## Task brief
Copy the listing that follows exactly. Its pictures do not belong in the copy.

## Given data
-.-.-
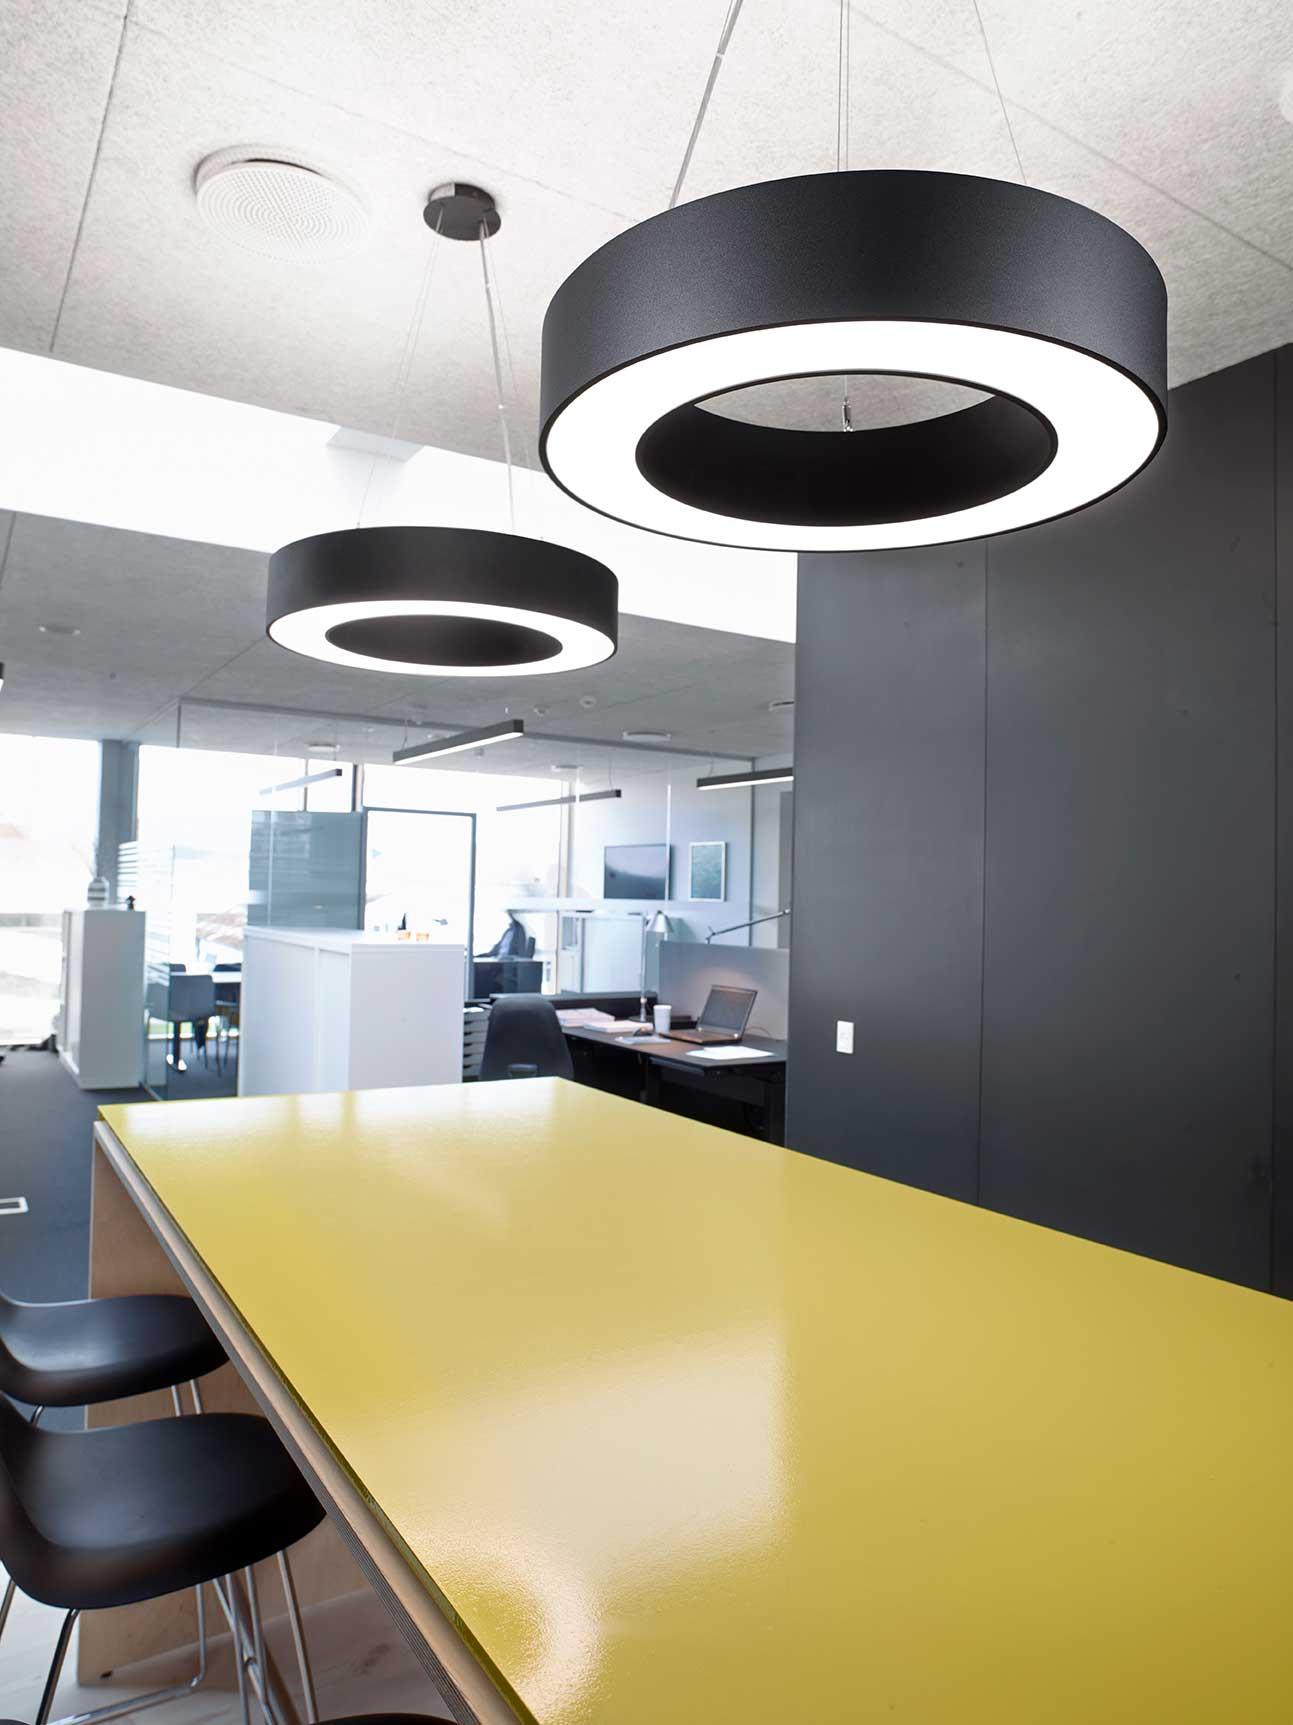 Ringo star pendel lampe nedhængt over gult mødebord i kontormiljø - Luminex
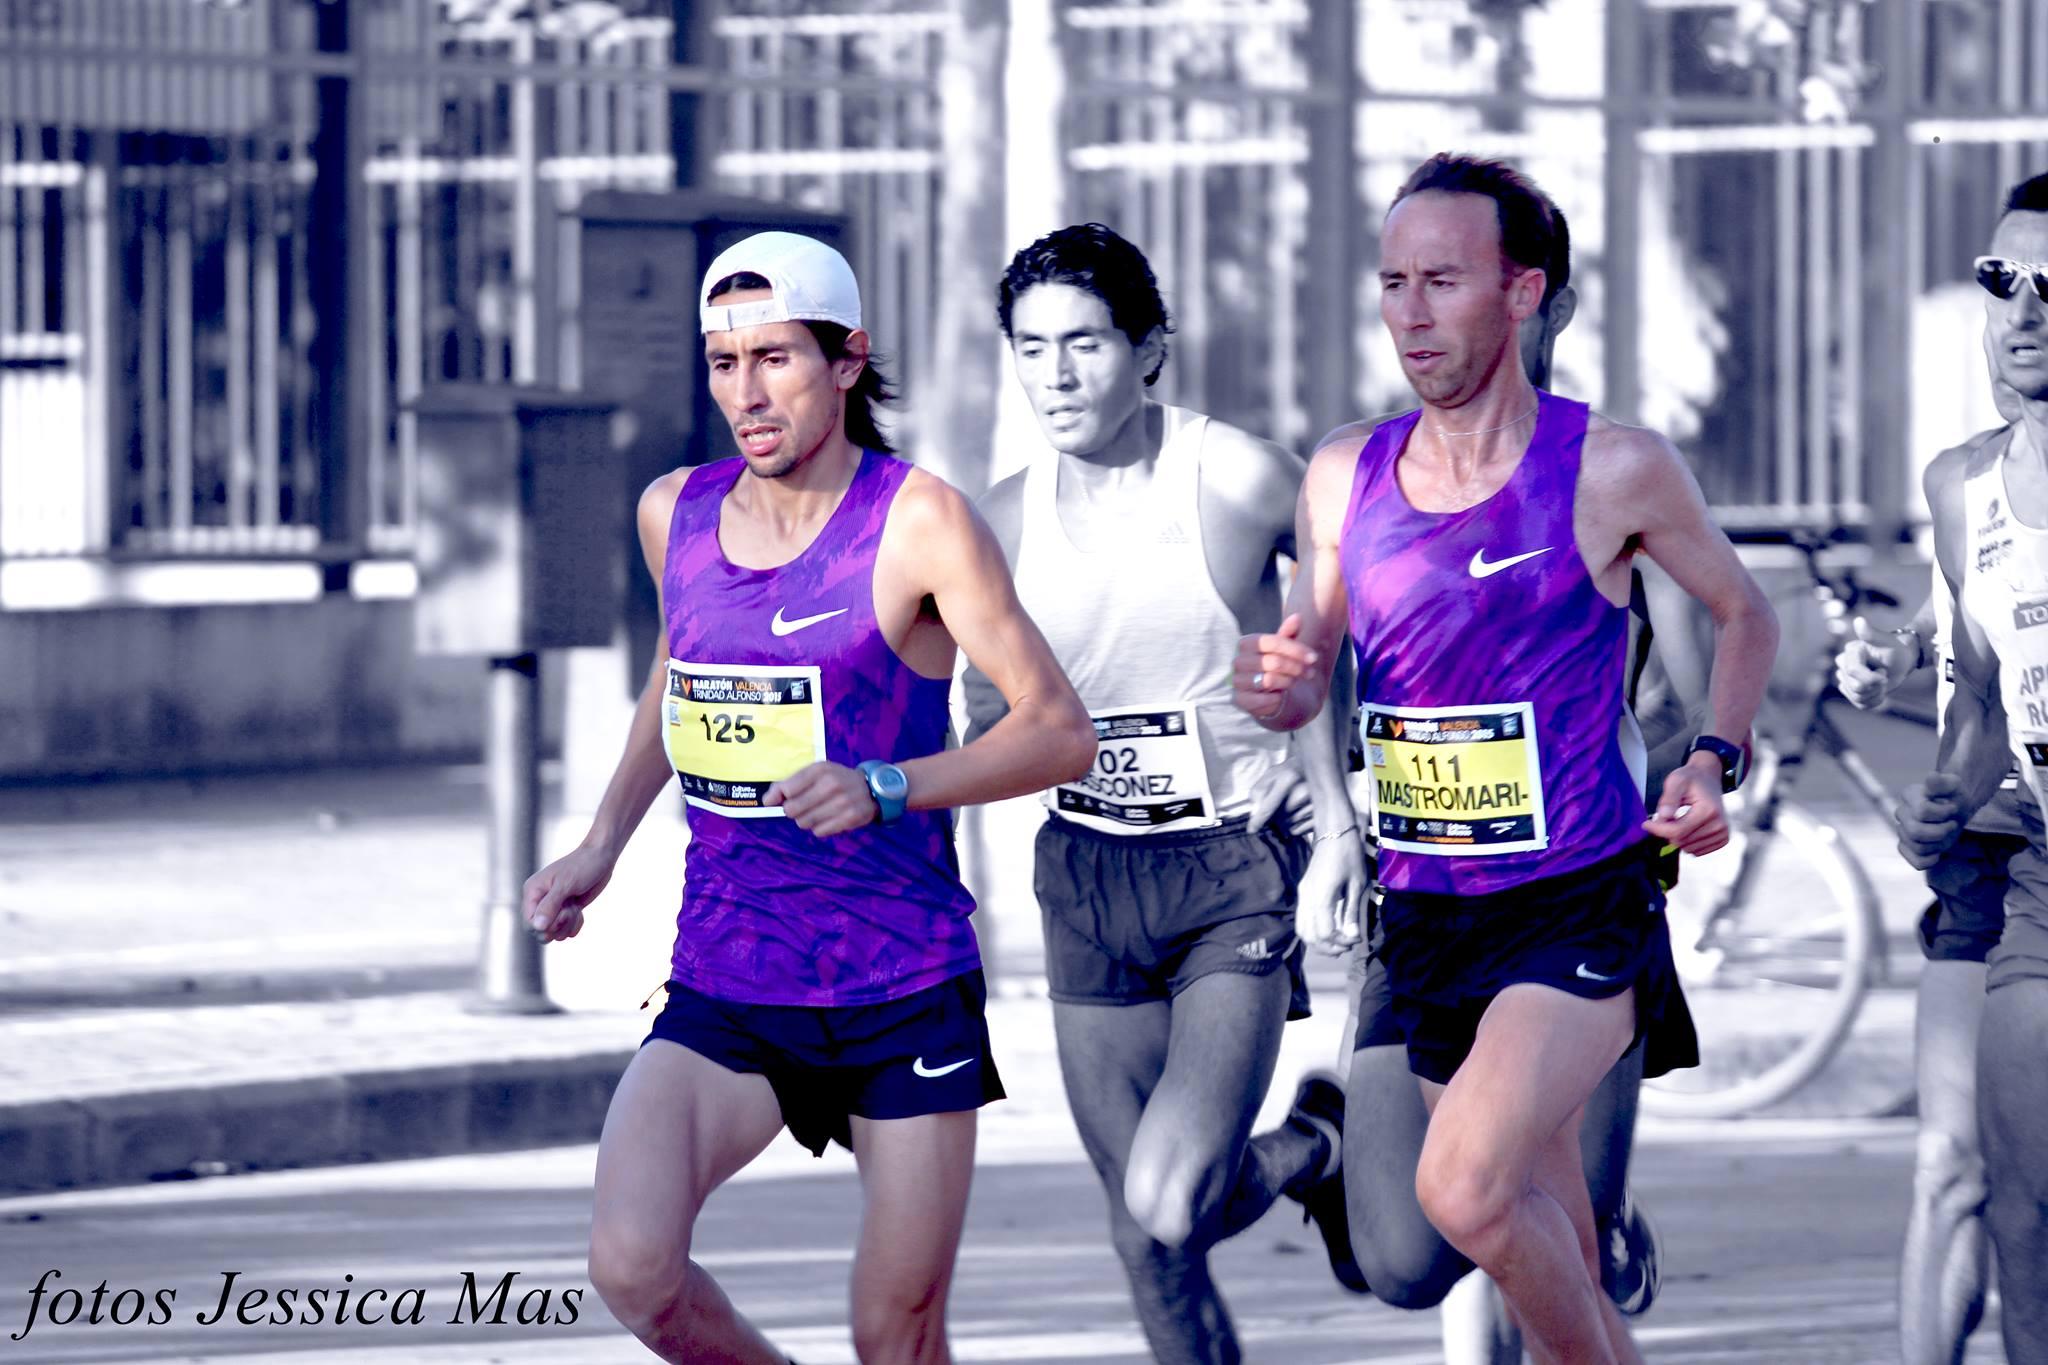 Miguel Barzola Mariano Mastromarino Valencia Locos Por Correr 01
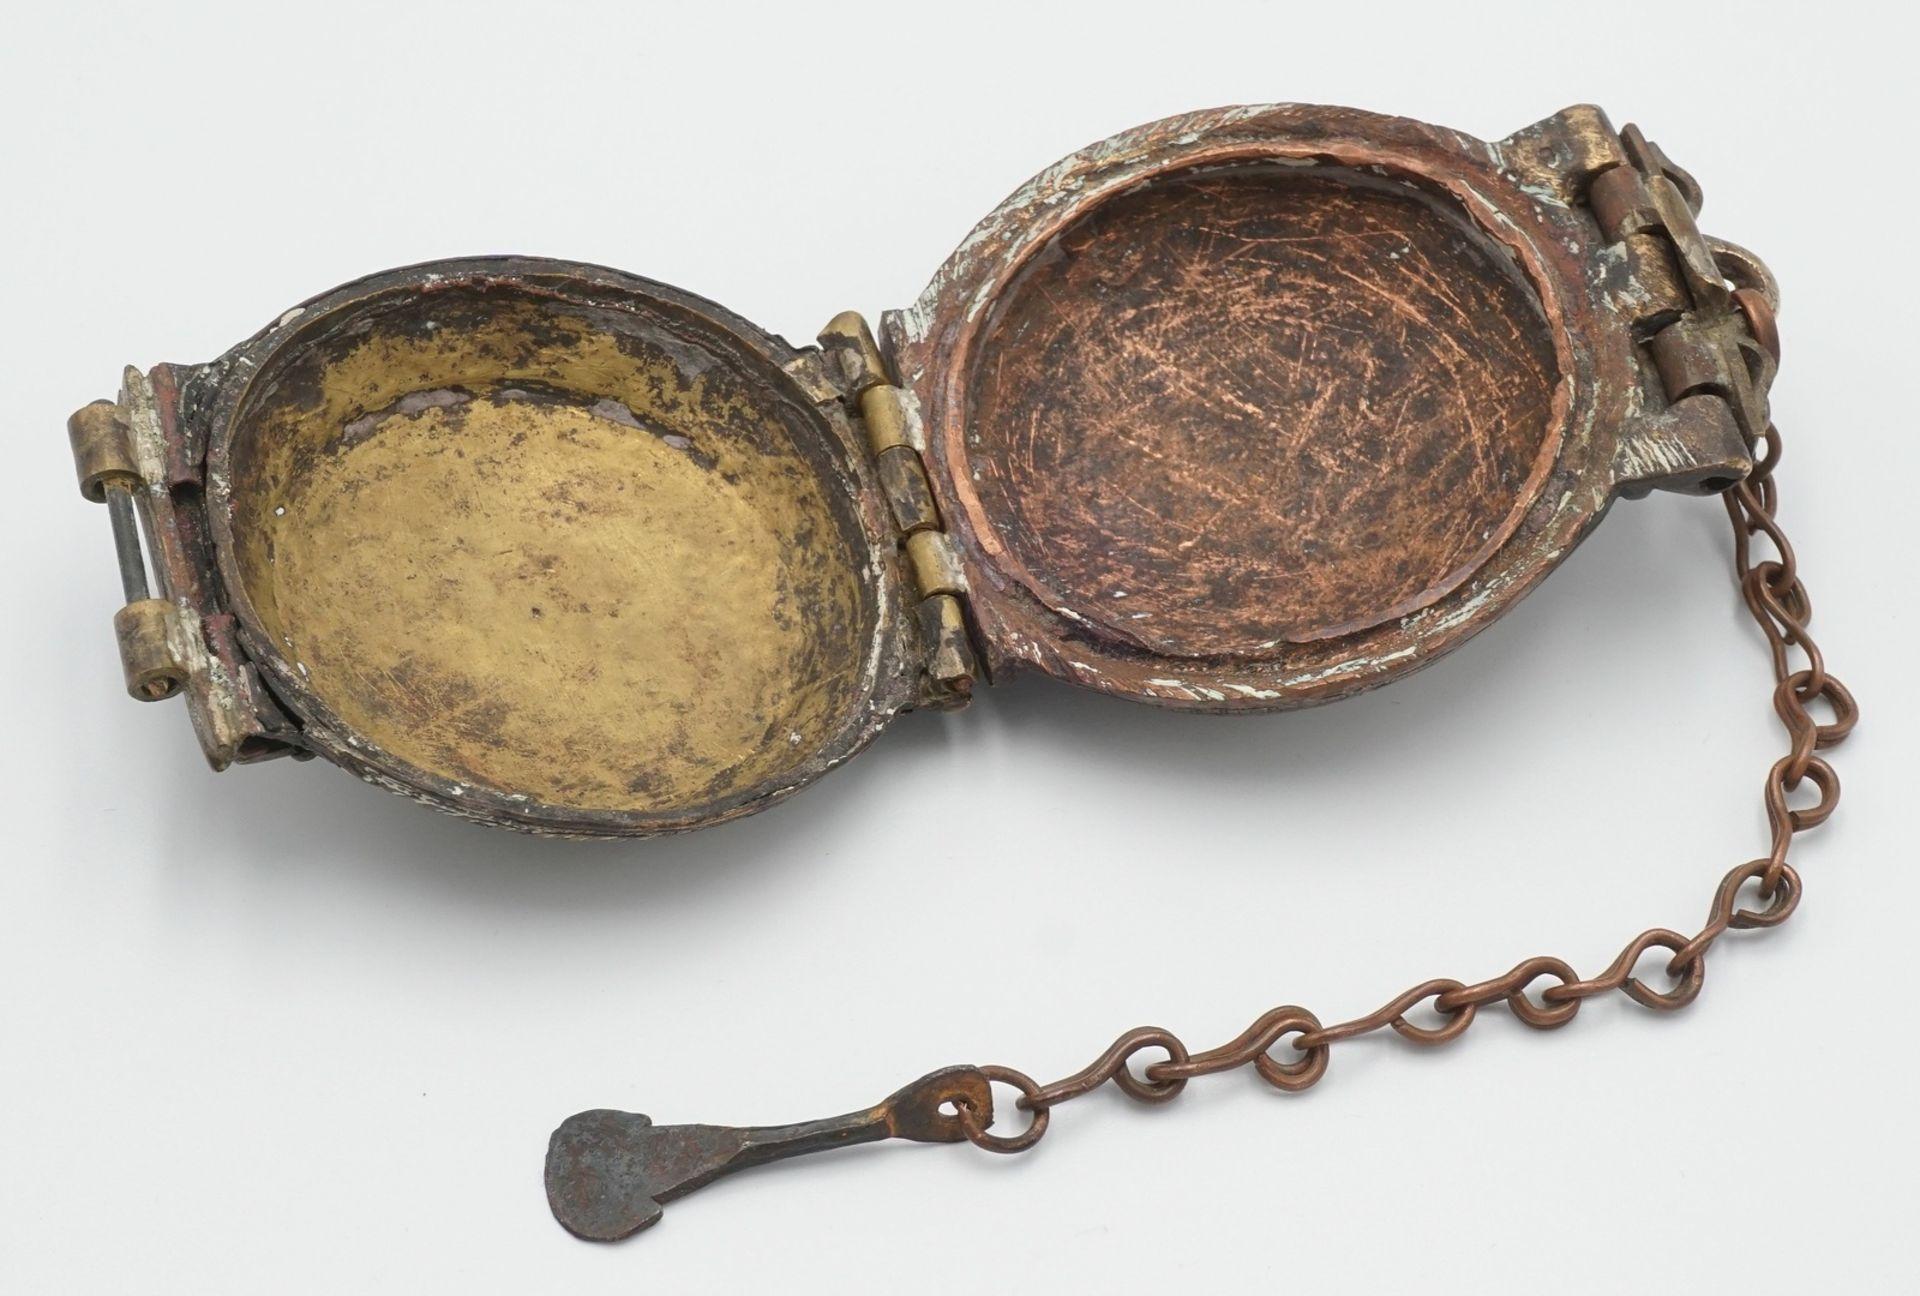 Liturgisches Gefäß / Deckeldose mit Spatel, Tibet, 19. Jh. - Bild 3 aus 4
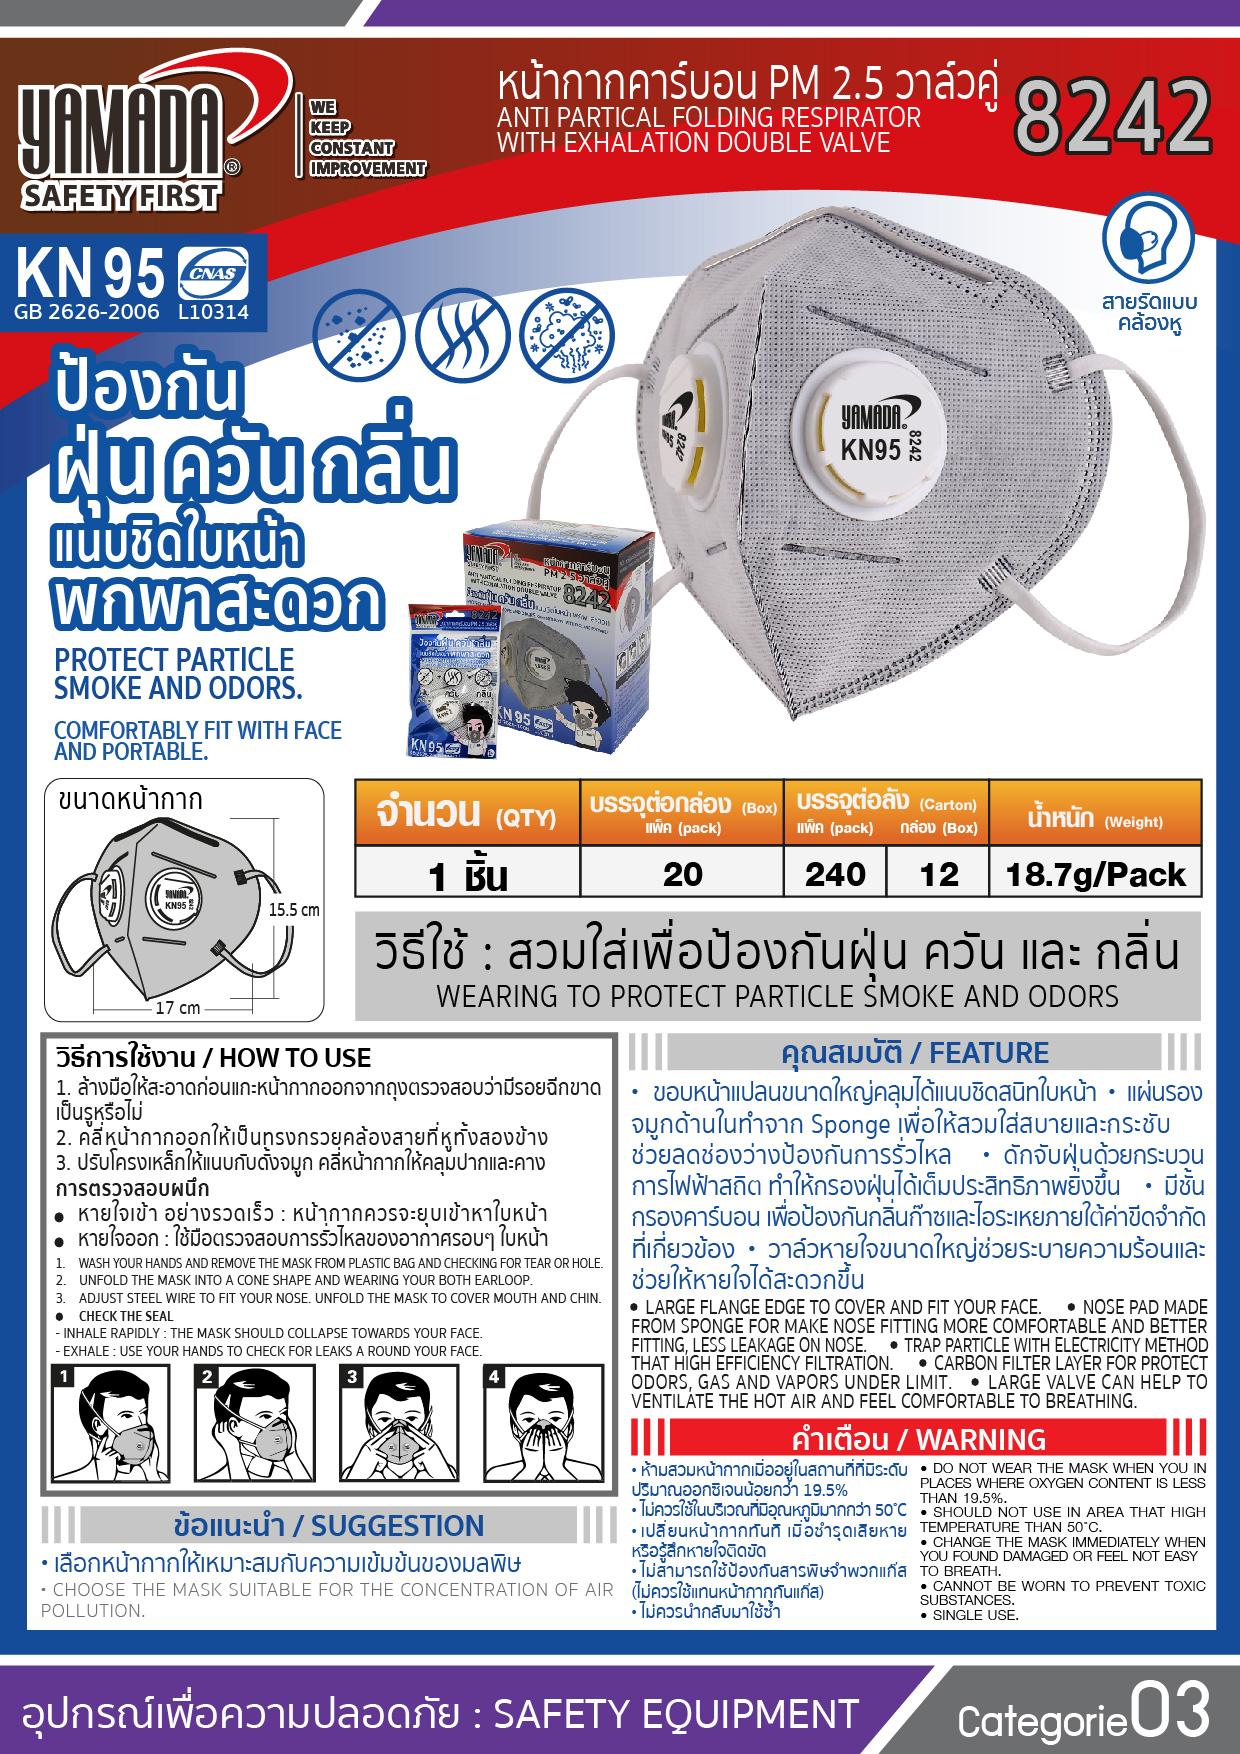 (13/15) หน้ากากคาร์บอน PM2.5 รุ่น 8242
-.-.-
## Solution
 Ringo star pendel lampe nedhængt over gult mødebord i kontormiljø - Luminex
 Miguel Barzola Mariano Mastromarino Valencia Locos Por Correr 01
 Liturgisches Gefäß / Deckeldose mit Spatel, Tibet, 19. Jh. - Bild 3 aus 4
 (13/15) หน้ากากคาร์บอน PM2.5 รุ่น 8242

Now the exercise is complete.